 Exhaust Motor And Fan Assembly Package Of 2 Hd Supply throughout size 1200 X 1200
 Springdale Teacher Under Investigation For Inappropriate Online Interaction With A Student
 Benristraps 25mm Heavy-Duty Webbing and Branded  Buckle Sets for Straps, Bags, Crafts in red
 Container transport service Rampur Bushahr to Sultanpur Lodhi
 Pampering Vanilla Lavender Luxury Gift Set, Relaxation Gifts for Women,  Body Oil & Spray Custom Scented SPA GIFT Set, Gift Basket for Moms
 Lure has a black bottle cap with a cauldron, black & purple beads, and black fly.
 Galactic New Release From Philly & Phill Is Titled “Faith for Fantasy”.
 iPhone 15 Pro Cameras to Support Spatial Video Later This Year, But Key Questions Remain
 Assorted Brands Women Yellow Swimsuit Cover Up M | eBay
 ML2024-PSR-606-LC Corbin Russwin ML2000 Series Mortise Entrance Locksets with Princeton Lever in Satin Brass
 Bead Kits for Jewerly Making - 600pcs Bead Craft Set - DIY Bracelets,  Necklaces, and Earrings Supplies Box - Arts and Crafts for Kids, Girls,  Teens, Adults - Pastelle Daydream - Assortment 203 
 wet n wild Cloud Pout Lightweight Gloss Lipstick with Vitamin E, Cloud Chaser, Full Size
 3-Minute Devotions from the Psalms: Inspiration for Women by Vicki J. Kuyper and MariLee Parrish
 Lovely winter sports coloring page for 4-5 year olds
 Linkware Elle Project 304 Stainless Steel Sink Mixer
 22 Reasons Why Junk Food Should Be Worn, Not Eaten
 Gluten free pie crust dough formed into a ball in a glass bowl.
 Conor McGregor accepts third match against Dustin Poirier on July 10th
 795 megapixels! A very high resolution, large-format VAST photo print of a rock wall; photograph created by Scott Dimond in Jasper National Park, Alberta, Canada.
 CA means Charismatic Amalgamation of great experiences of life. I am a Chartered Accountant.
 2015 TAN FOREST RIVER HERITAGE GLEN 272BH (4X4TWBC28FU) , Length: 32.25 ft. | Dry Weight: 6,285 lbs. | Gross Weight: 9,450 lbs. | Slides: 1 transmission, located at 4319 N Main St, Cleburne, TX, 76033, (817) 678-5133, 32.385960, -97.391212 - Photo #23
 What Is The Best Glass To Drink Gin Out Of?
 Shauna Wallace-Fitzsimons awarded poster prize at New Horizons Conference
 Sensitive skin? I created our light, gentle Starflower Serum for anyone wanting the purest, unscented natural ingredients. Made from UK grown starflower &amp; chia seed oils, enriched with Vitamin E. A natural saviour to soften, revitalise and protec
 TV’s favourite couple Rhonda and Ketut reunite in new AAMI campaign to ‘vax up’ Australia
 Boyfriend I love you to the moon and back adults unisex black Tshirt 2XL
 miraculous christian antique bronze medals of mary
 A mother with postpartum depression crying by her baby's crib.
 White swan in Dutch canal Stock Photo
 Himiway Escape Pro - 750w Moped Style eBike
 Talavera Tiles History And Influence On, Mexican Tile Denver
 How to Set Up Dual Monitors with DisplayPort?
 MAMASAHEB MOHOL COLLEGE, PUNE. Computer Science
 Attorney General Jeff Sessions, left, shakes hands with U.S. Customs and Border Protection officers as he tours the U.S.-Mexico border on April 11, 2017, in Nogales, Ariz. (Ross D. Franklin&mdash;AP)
★ ★ ★ ★ ★
EXERCISE PROMPT: From the data above, copy each line where the string "Crafts" appears.

OUTPUT BELOW:
 Benristraps 25mm Heavy-Duty Webbing and Branded  Buckle Sets for Straps, Bags, Crafts in red
 Bead Kits for Jewerly Making - 600pcs Bead Craft Set - DIY Bracelets,  Necklaces, and Earrings Supplies Box - Arts and Crafts for Kids, Girls,  Teens, Adults - Pastelle Daydream - Assortment 203 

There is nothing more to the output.